Saluria inficita

Scientific classification
- Kingdom: Animalia
- Phylum: Arthropoda
- Class: Insecta
- Order: Lepidoptera
- Family: Pyralidae
- Genus: Saluria
- Species: S. inficita
- Binomial name: Saluria inficita Walker, 1863

= Saluria inficita =

- Authority: Walker, 1863

Species of moth

Saluria inficita, the white stem borer, is a moth of the family Pyralidae. The species was first described by Francis Walker in 1863. It is found in India and Sri Lanka.

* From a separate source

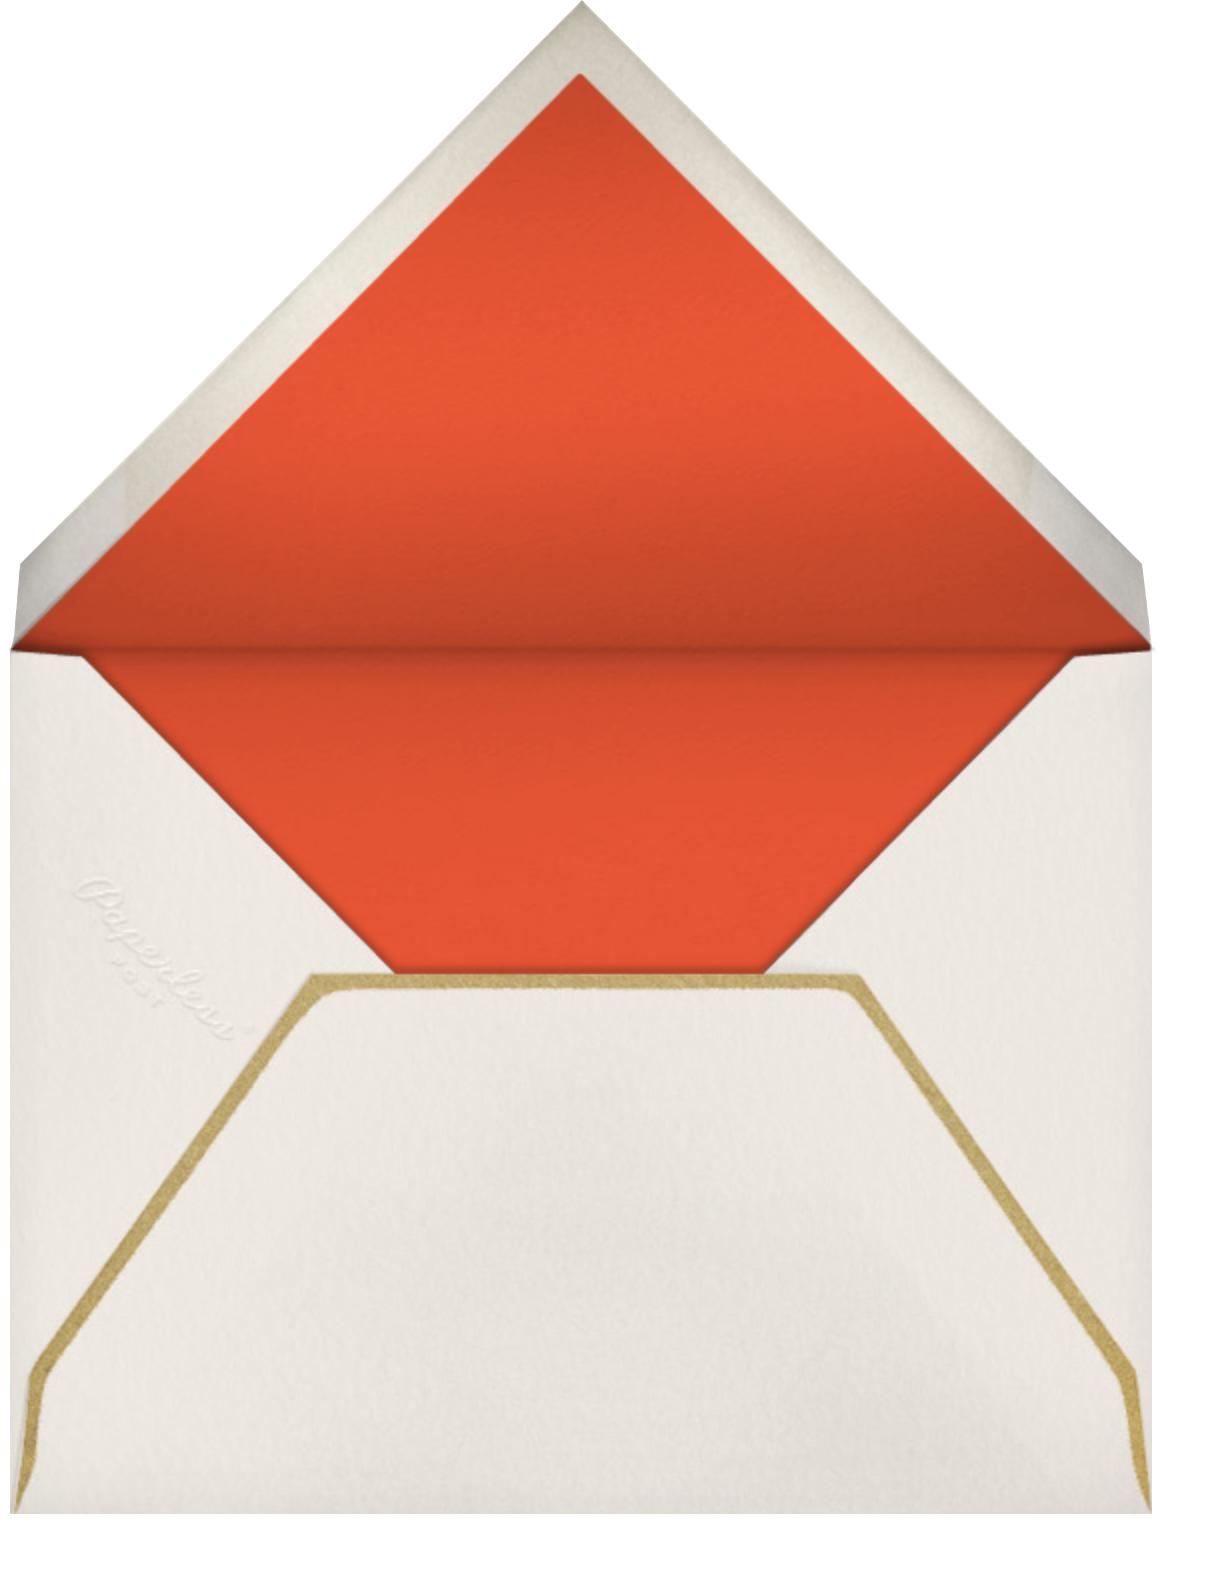 Curlicue Tree - kate spade new york - Christmas - envelope back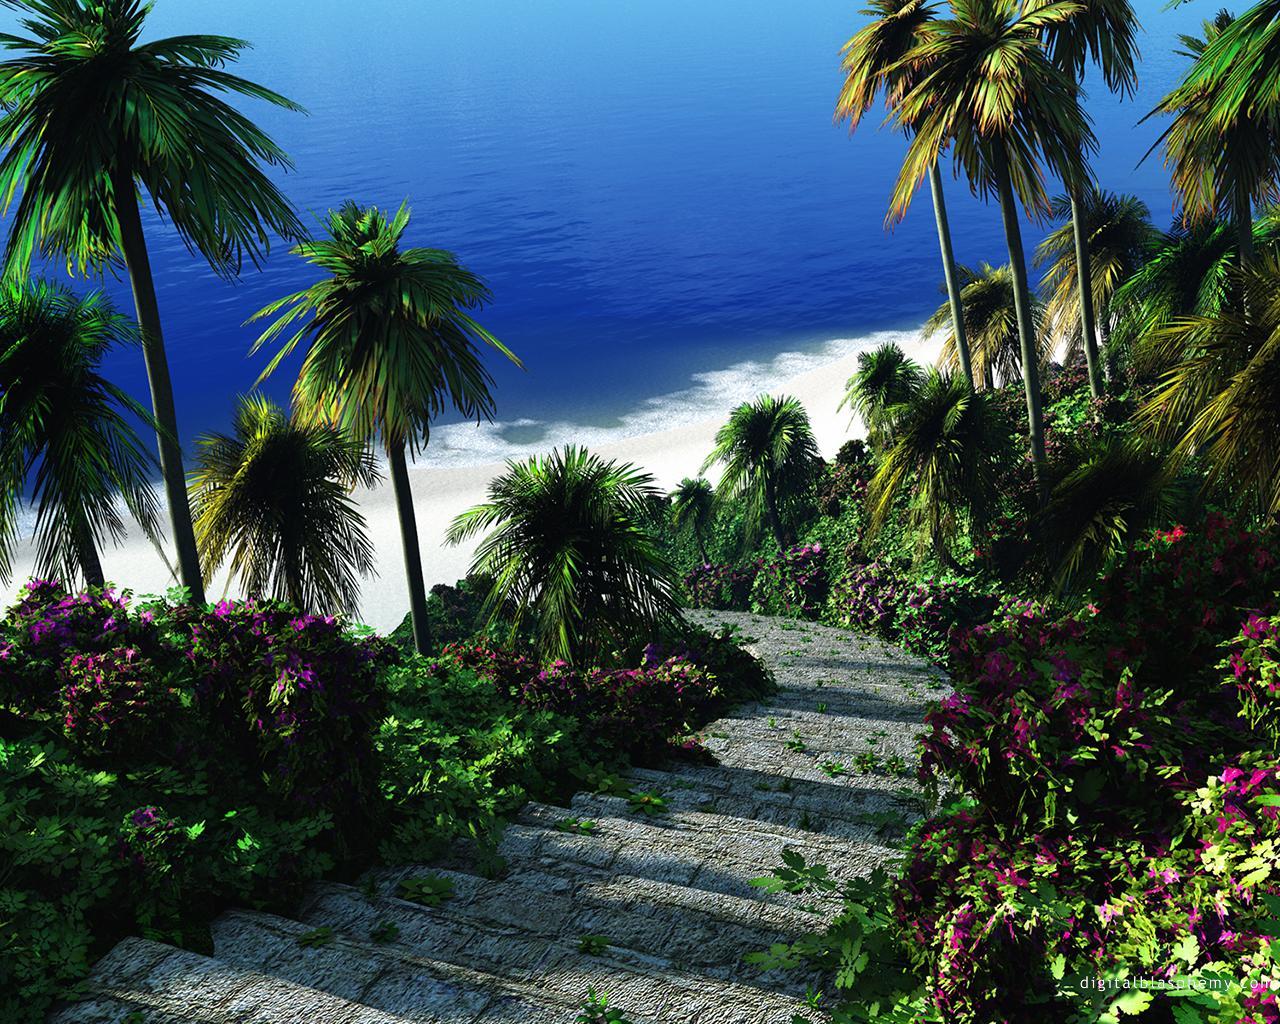 Nature 3d Wallpaper Hd For Desktop Free Download - Digital Blasphemy Free Beach - HD Wallpaper

Its caterpillars are pests of Eleusine coracana, Oryza sativa, Setaria italica and Zea mays.

==Description==
The adult has brownish wings. A pale white band runs along the margin of the forewings. The hindwings are white. The caterpillar is whitish creamy coloured with a yellow head. Its eggs are grey with a tuft of hairs. The pupa are brownish.

Caterpillars attack root areas of the plant and then bore into the soft tissues. After severe infestations, the plants show dried up shoots and turn yellow. Damage can controlled by hand picking, pheromone usage, light traps and usage of chemical insecticides such as carabaryl, methyl parathion, phosphomidon or dimethoate.